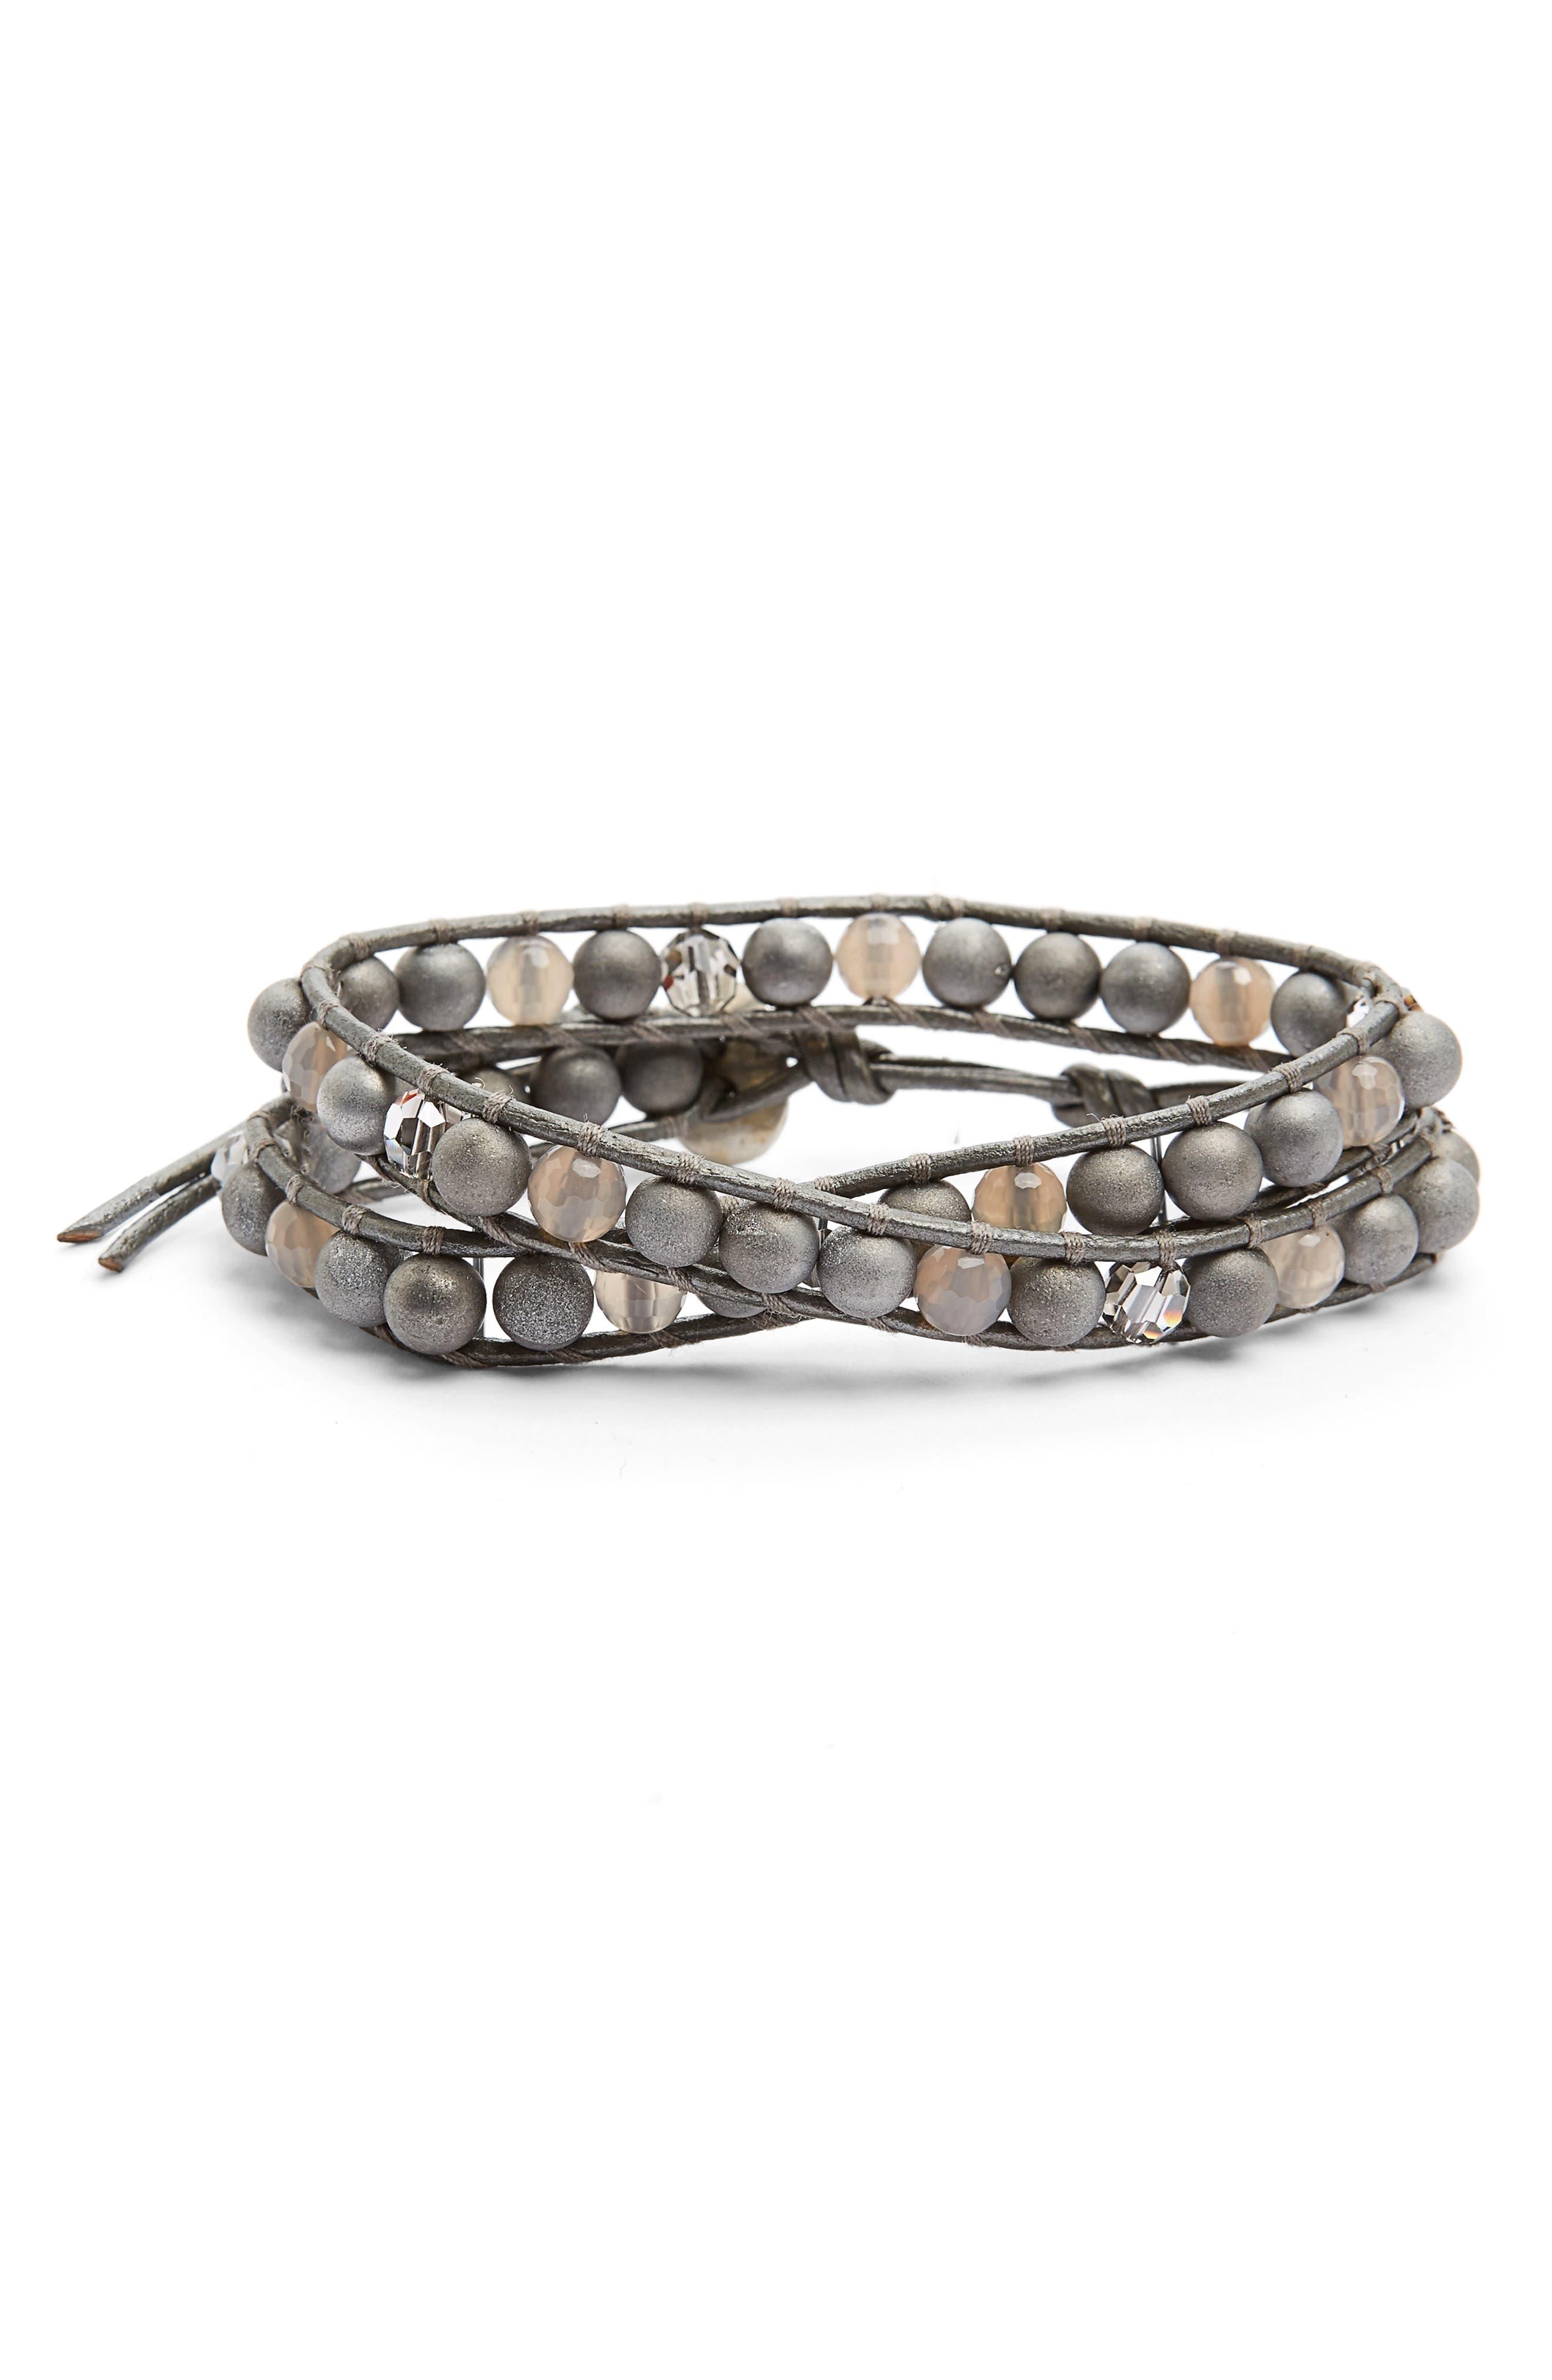 Main Image - Chan Luu Silver Agate & Crystal Wrap Bracelet
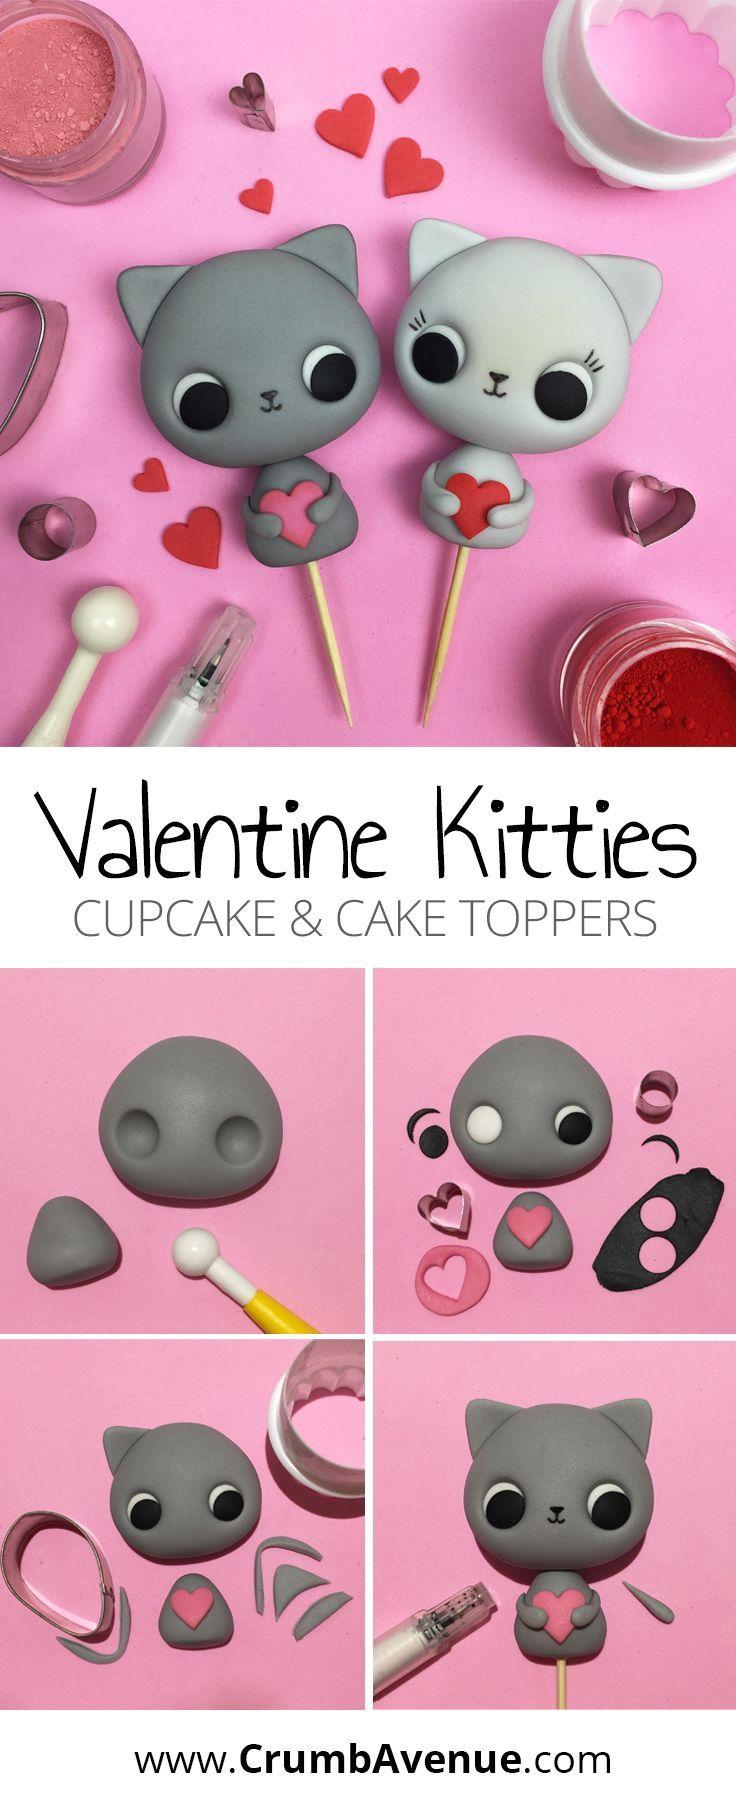 Cute Valentine Kitties – Cake Topper Tutorial / Katze, Katzen, Kitty, Figur, Figuren …  #katze #katzen #kitties #kitty #topper
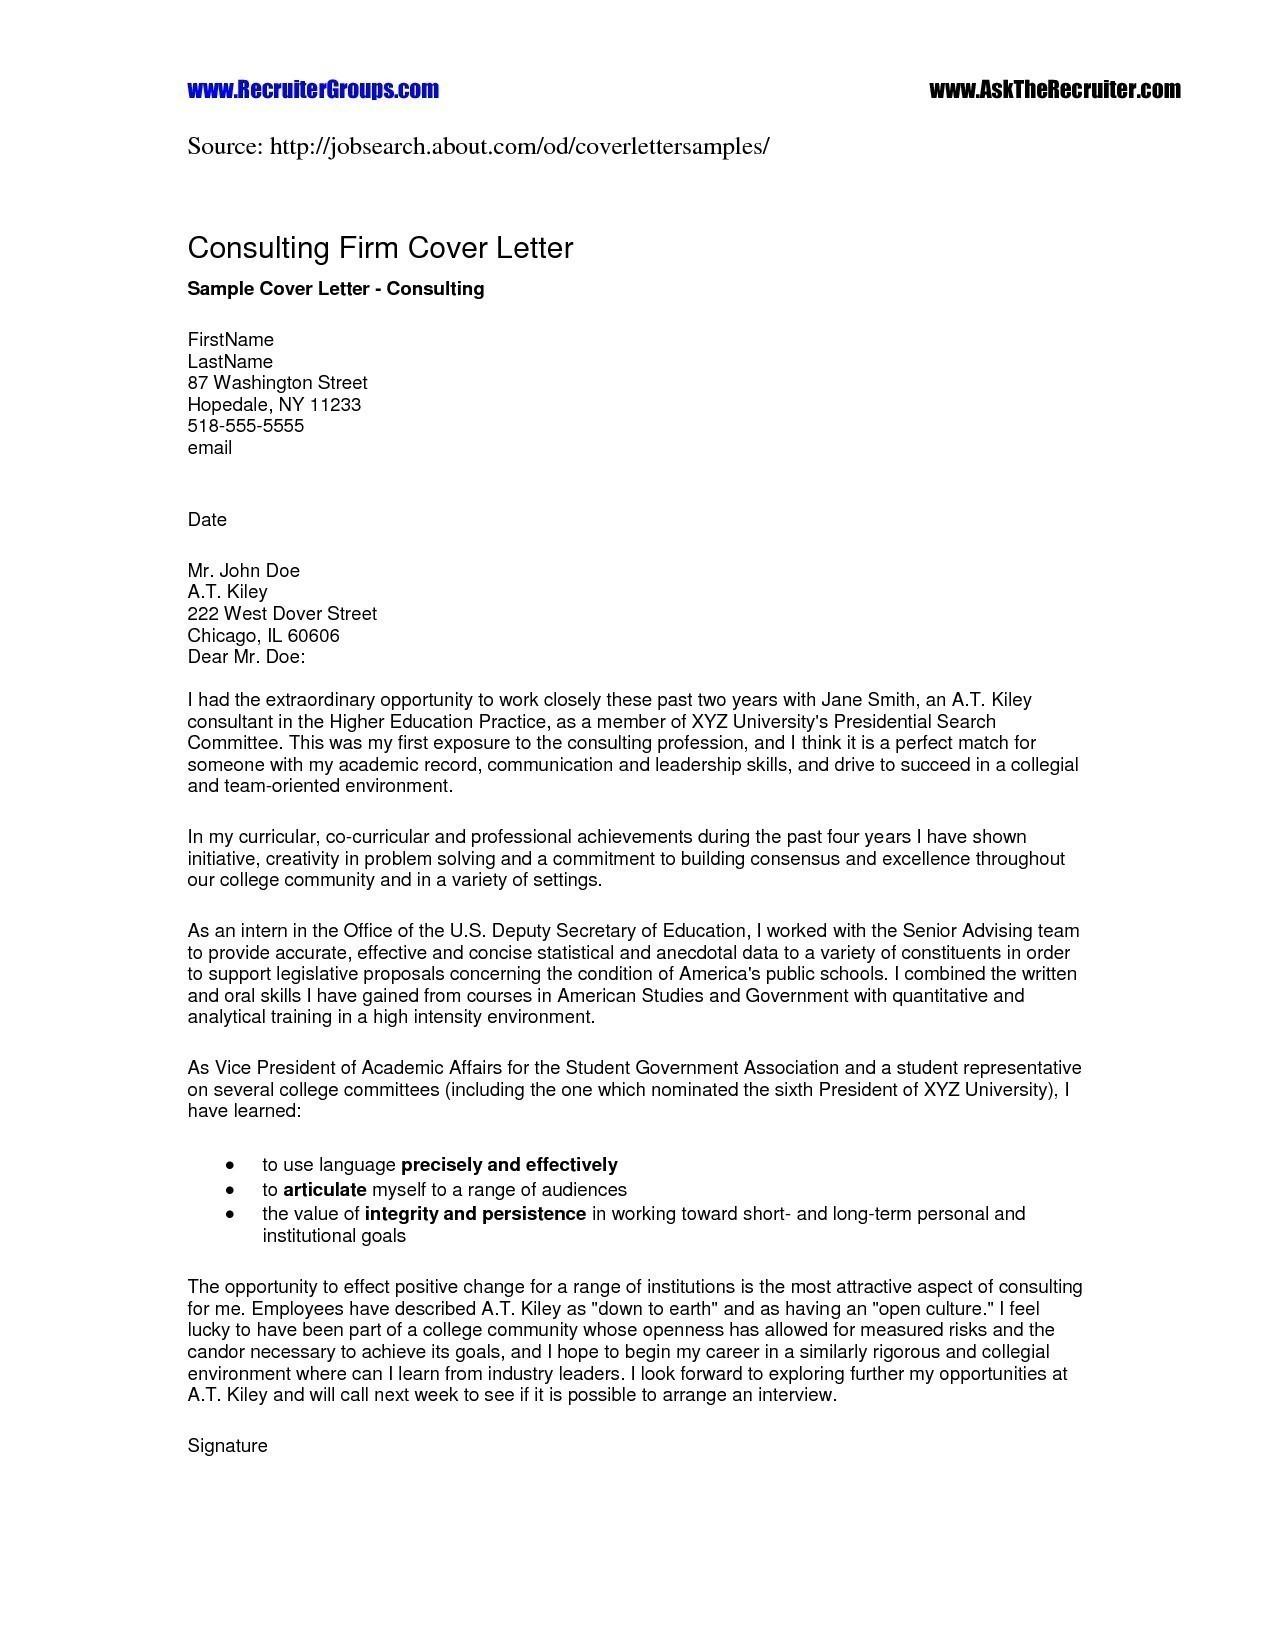 Company Offer Letter Template - Job Fer Letter Sample Best Job Fer Letter Template Us Copy Od
^^^^
[Assignment] Reproduce the preceding material exactly, skipping pictures.

[Task solution]
 Main Image - Chan Luu Silver Agate & Crystal Wrap Bracelet
 Cute Valentine Kitties – Cake Topper Tutorial / Katze, Katzen, Kitty, Figur, Figuren …  #katze #katzen #kitties #kitty #topper
 Company Offer Letter Template - Job Fer Letter Sample Best Job Fer Letter Template Us Copy Od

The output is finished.